[llvm] r226845 - merge consecutive stores of extracted vector elements (PR21711)
Quentin Colombet
qcolombet at apple.com
Thu Jan 22 10:28:00 PST 2015
Nice!
Thanks,
-Quentin
On Jan 22, 2015, at 10:21 AM, Sanjay Patel <spatel at rotateright.com> wrote:
> Author: spatel
> Date: Thu Jan 22 12:21:26 2015
> New Revision: 226845
>
> URL: http://llvm.org/viewvc/llvm-project?rev=226845&view=rev
> Log:
> merge consecutive stores of extracted vector elements (PR21711)
>
> This is a 2nd try at the same optimization as http://reviews.llvm.org/D6698.
> That patch was checked in at r224611, but reverted at r225031 because it
> caused a failure outside of the regression tests.
>
> The cause of the crash was not recognizing consecutive stores that have mixed
> source values (loads and vector element extracts), so this patch adds a check
> to bail out if any store value is not coming from a vector element extract.
>
> This patch also refactors the shared logic of the constant source and vector
> extracted elements source cases into a helper function.
>
> Differential Revision: http://reviews.llvm.org/D6850
>
>
> Modified:
> llvm/trunk/lib/CodeGen/SelectionDAG/DAGCombiner.cpp
> llvm/trunk/test/CodeGen/X86/MergeConsecutiveStores.ll
>
> Modified: llvm/trunk/lib/CodeGen/SelectionDAG/DAGCombiner.cpp
> URL: http://llvm.org/viewvc/llvm-project/llvm/trunk/lib/CodeGen/SelectionDAG/DAGCombiner.cpp?rev=226845&r1=226844&r2=226845&view=diff
> ==============================================================================
> --- llvm/trunk/lib/CodeGen/SelectionDAG/DAGCombiner.cpp (original)

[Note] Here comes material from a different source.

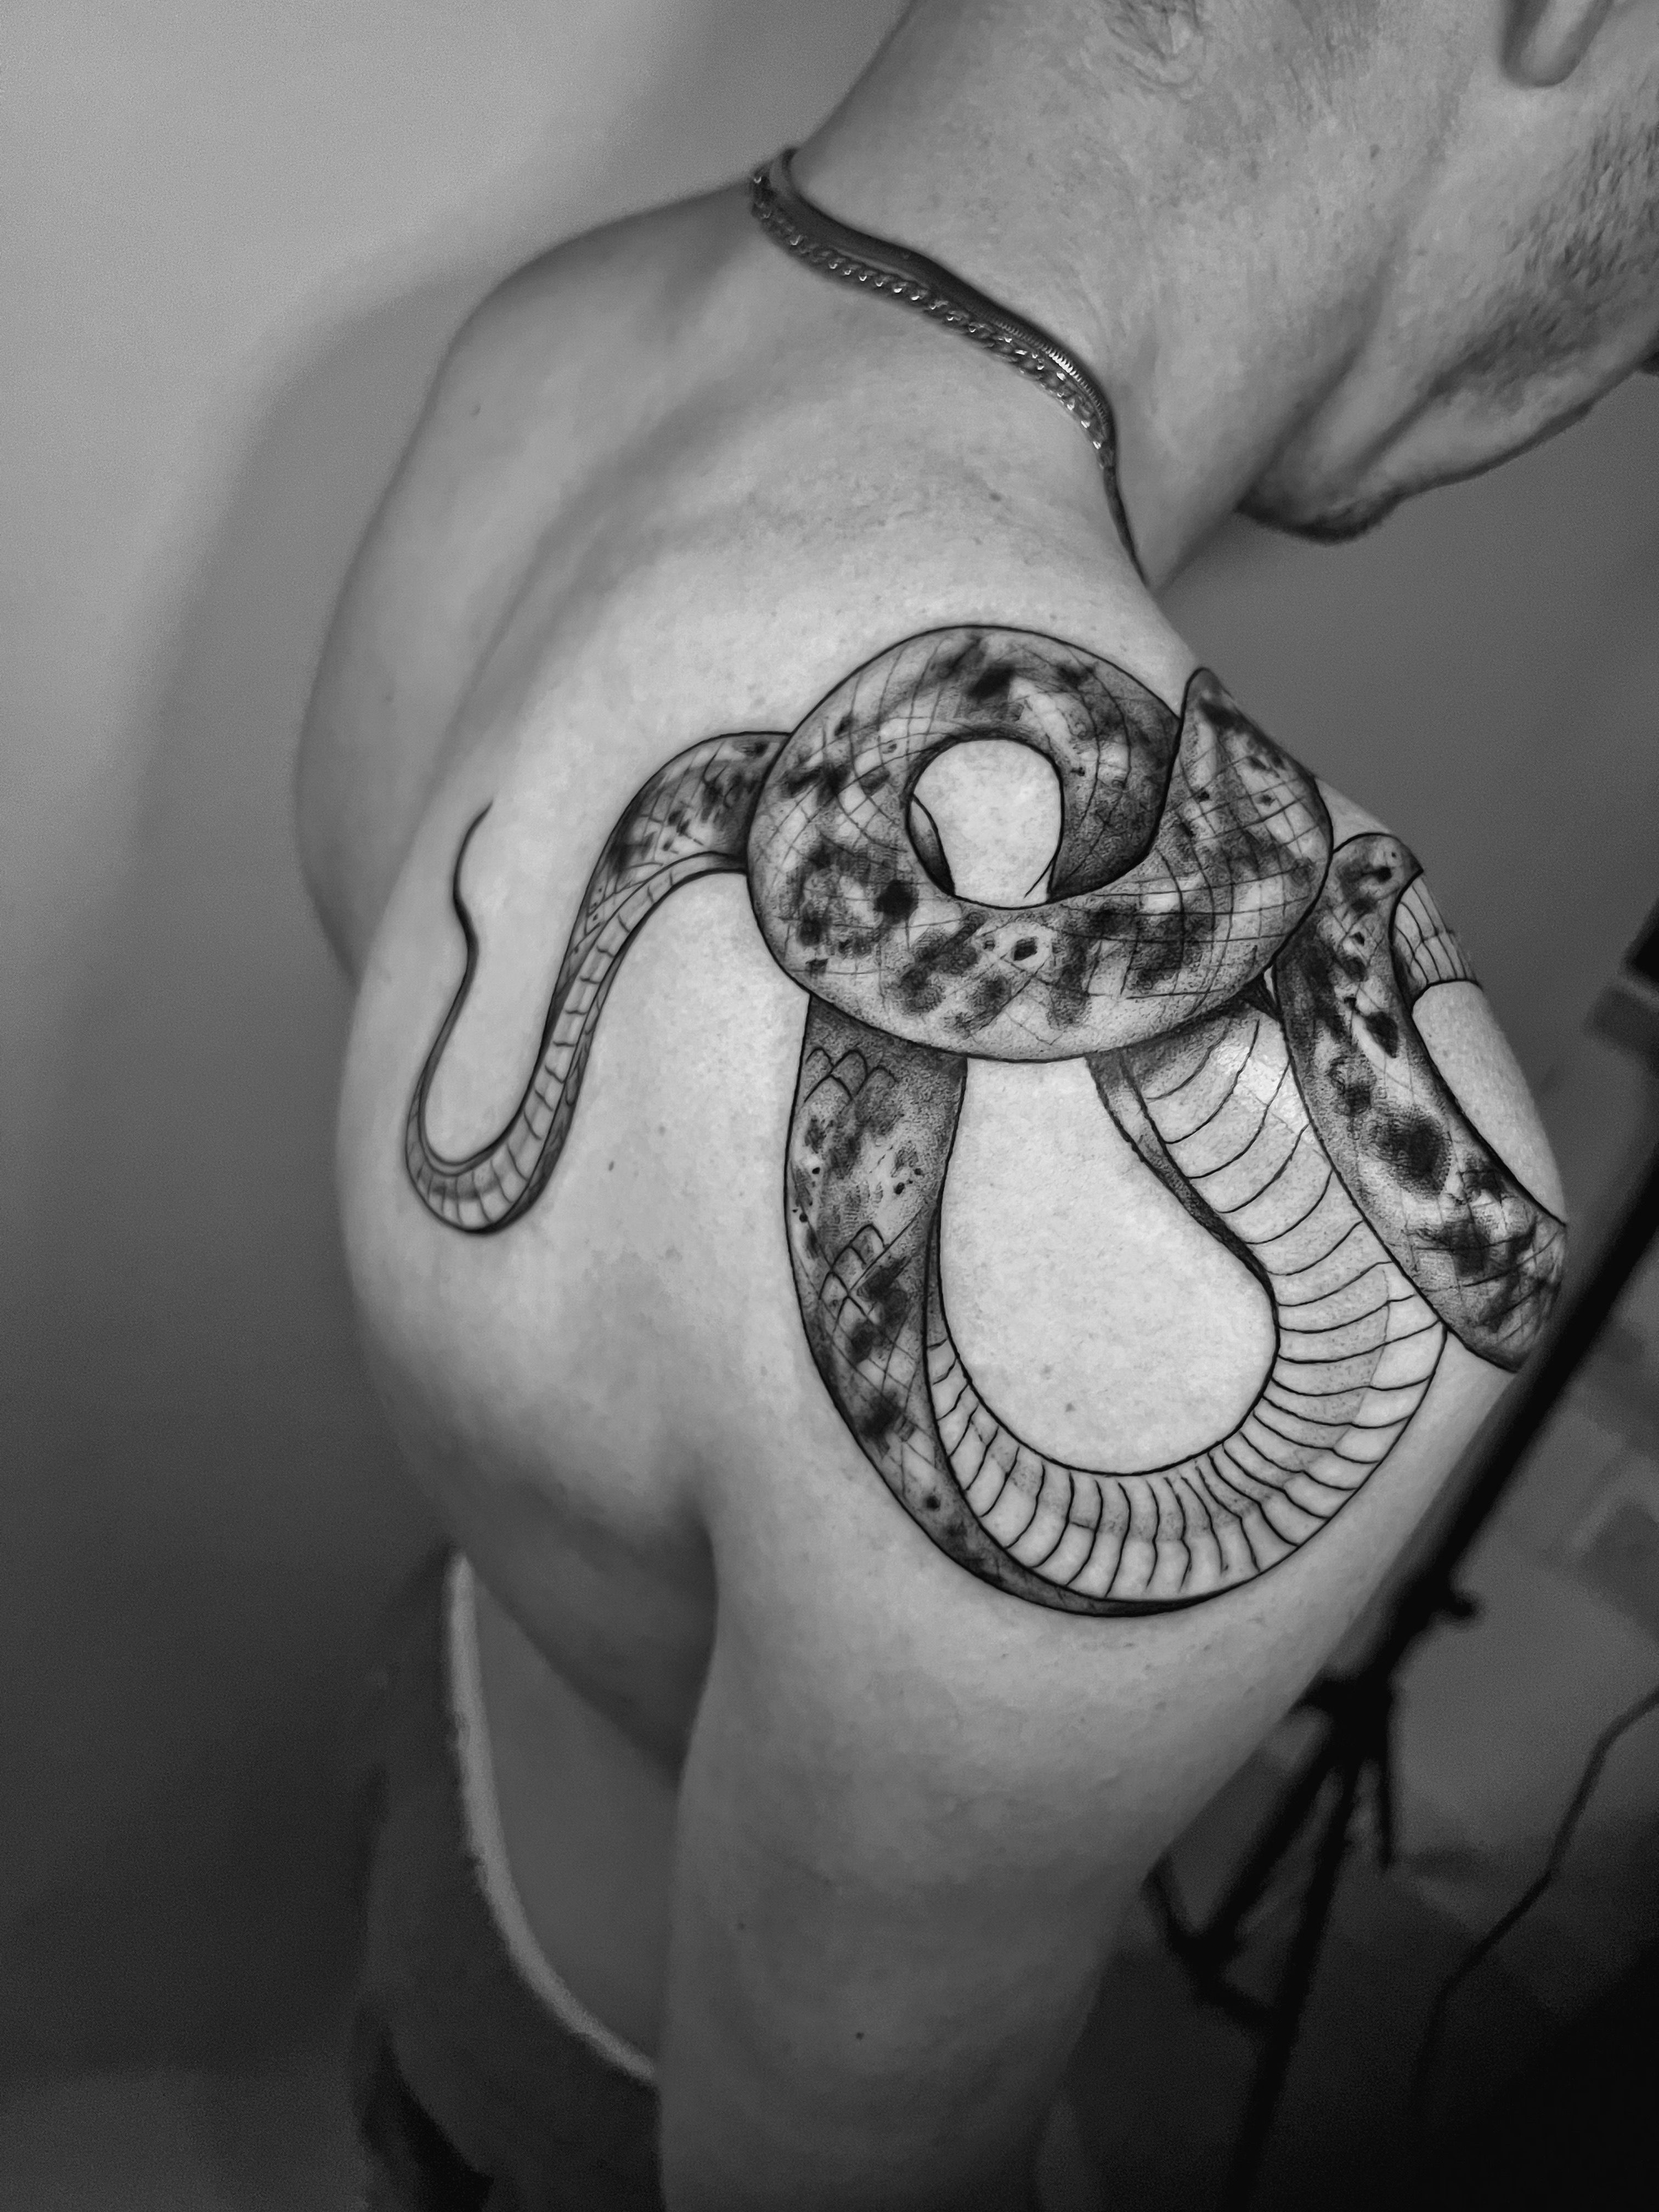 Single needle snake tattoo on the chest (healed).
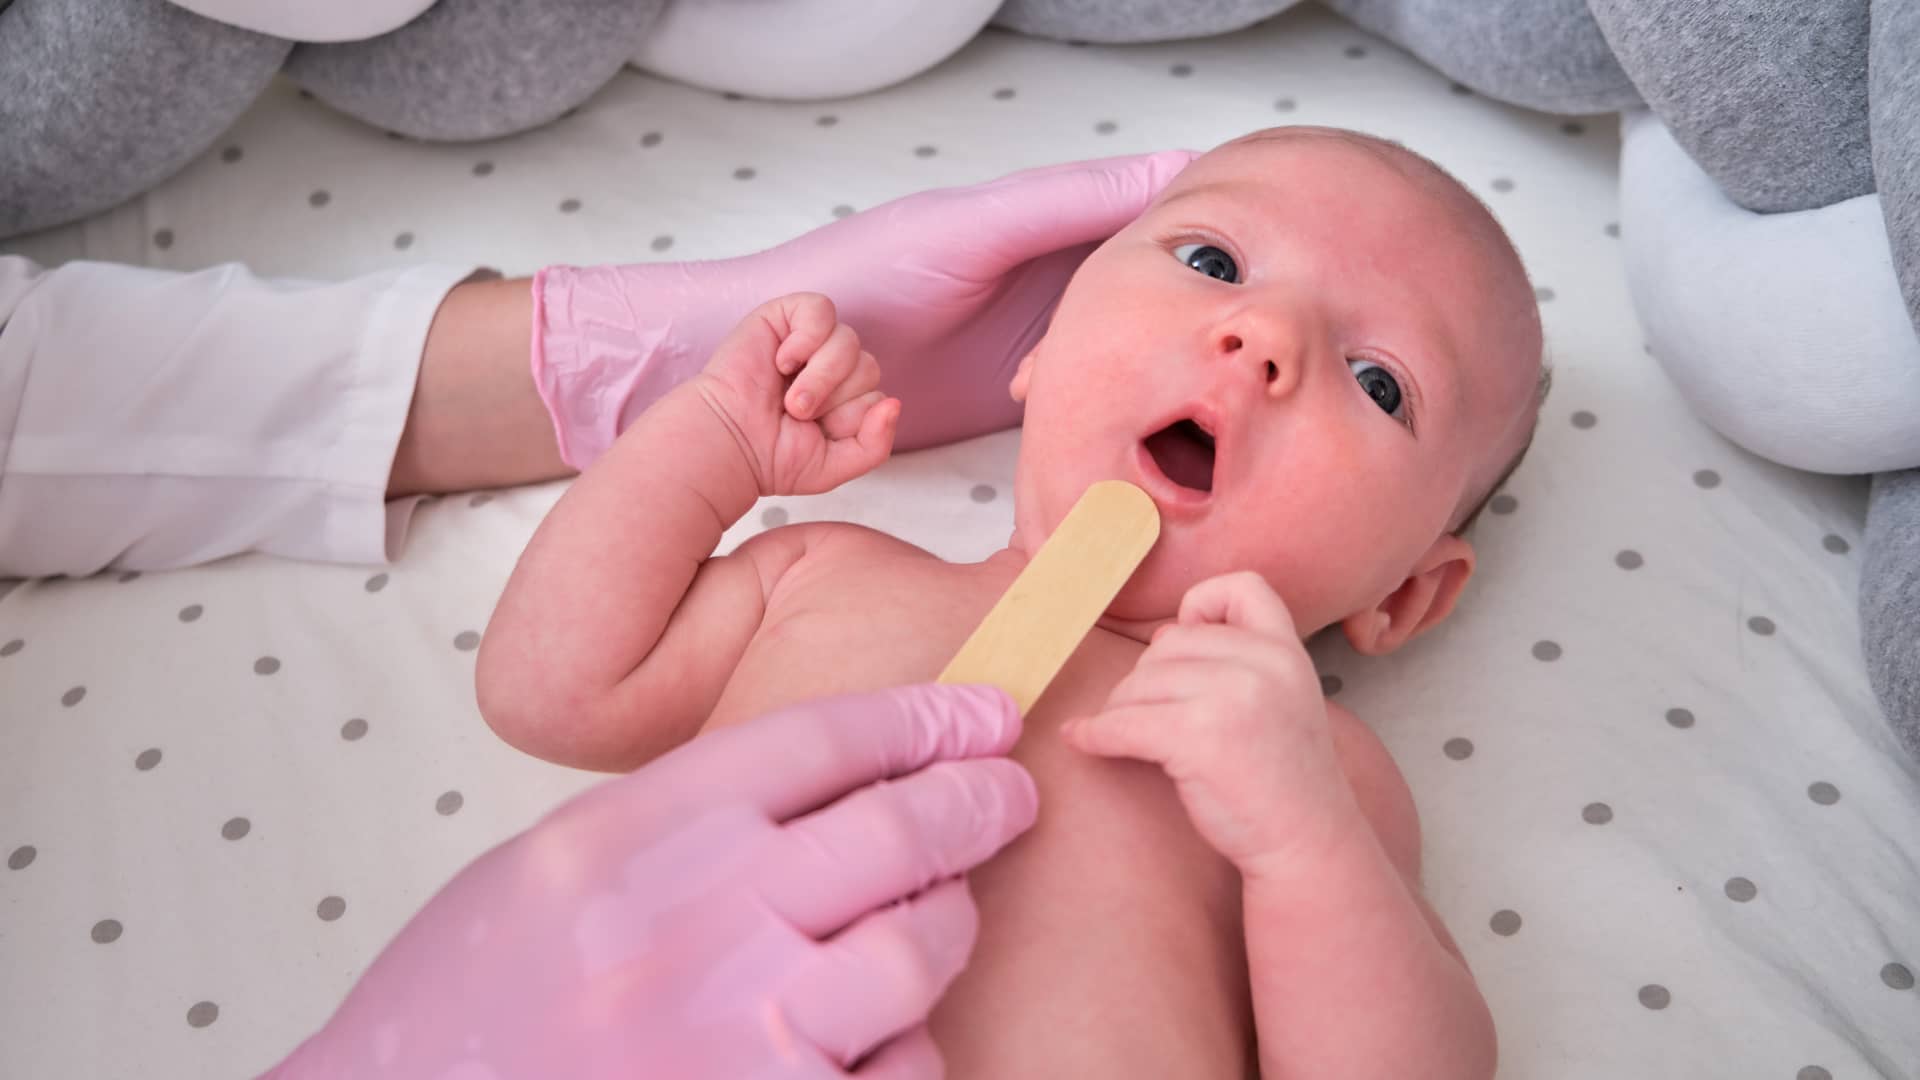 Retrognatia en bebés: ¿cómo se corrige?

> +++ llvm/trunk/lib/CodeGen/SelectionDAG/DAGCombiner.cpp Thu Jan 22 12:21:26 2015
> @@ -363,6 +363,28 @@ namespace {
> /// chain (aliasing node.)
> SDValue FindBetterChain(SDNode *N, SDValue Chain);
>
> + /// Holds a pointer to an LSBaseSDNode as well as information on where it
> + /// is located in a sequence of memory operations connected by a chain.
> + struct MemOpLink {
> + MemOpLink (LSBaseSDNode *N, int64_t Offset, unsigned Seq):
> + MemNode(N), OffsetFromBase(Offset), SequenceNum(Seq) { }
> + // Ptr to the mem node.
> + LSBaseSDNode *MemNode;
> + // Offset from the base ptr.
> + int64_t OffsetFromBase;
> + // What is the sequence number of this mem node.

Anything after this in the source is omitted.